F. Sherwood Rowland (1927–2012)

Fri, 04/13/2012
Picture Credit: 
UCI Libraries' Special Collections and Archives
Ralph J. Cicerone, Mario J. Molina, Donald R. Blake
Science

F. Sherwood (“Sherry”) Rowland died on 10 March at age 84. He was a distinguished scientist, first in physical chemistry and radiochemistry as a hot-atom chemist and later as an atmospheric chemist (1). He was also famous for his leadership in discovering and publicizing the danger to the ozone layer posed by continued human release of chlorofluorocarbons (CFCs).
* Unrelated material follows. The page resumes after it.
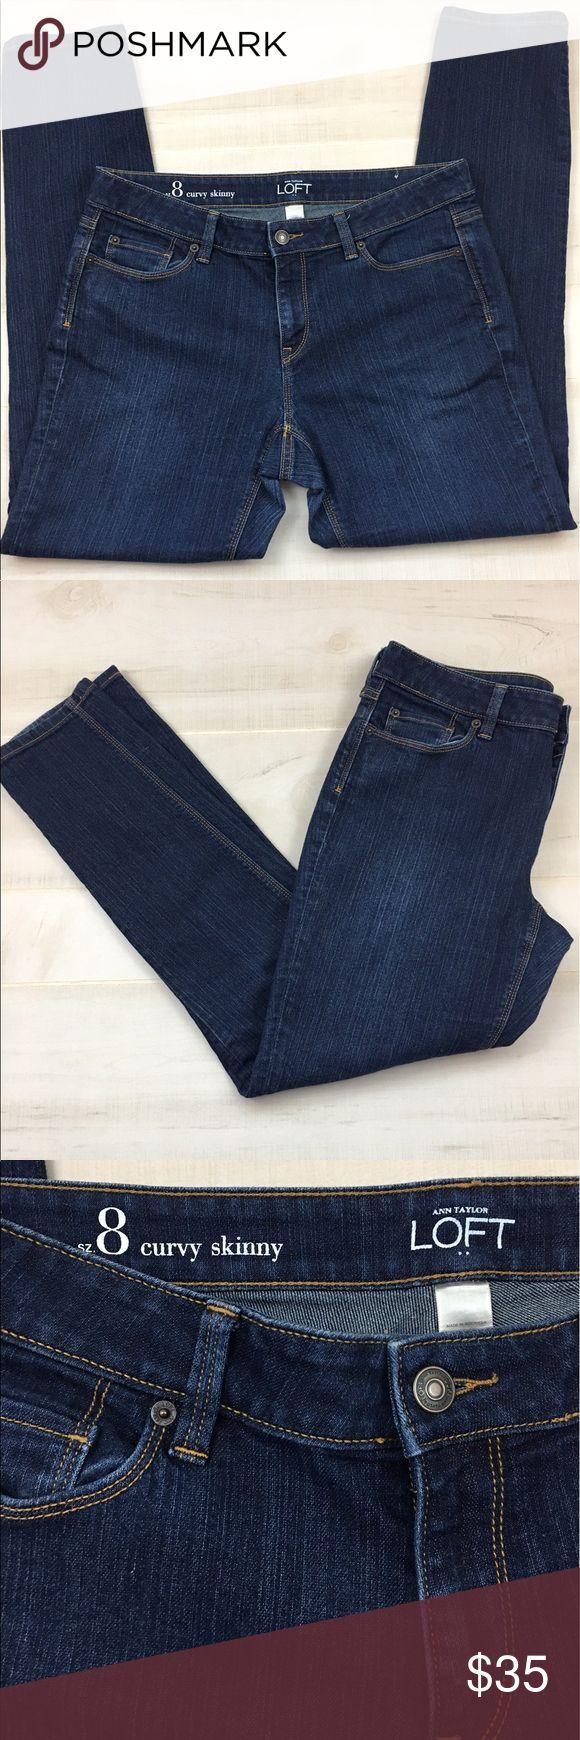 "Ann Taylor loft Skinny Curvy jeans size 8 Loft Skinny Curvy jeans like New size 8. Inseam 29""L LOFT Jeans Skinny"

The research that led Sherry Rowland to become a public figure began with curiosity. In the early 1970s, CFCs were an industrial success story as near-ideal refrigerants and as propellants in many aerosol-spray products. At a 1972 Atomic Energy Commission conference, Rowland heard that James Lovelock had detected CFC-11 in air over the North and South Atlantic Ocean. Rowland wondered what would eventually happen to this synthetic chemical in the atmosphere. In 1973, one of us (M.J.M.) joined Rowland at the University of California (UC) at Irvine. As chemists, Rowland and Molina knew that CFCs had been designed to be inert and nonsoluble and were, thus, unlikely to be decomposed by common atmospheric processes. However, they realized from laboratory data and chemical insight that the CFCs would be decomposed by ultraviolet light (wavelengths below 220 nm) in the upper atmosphere, above much of the ozone layer.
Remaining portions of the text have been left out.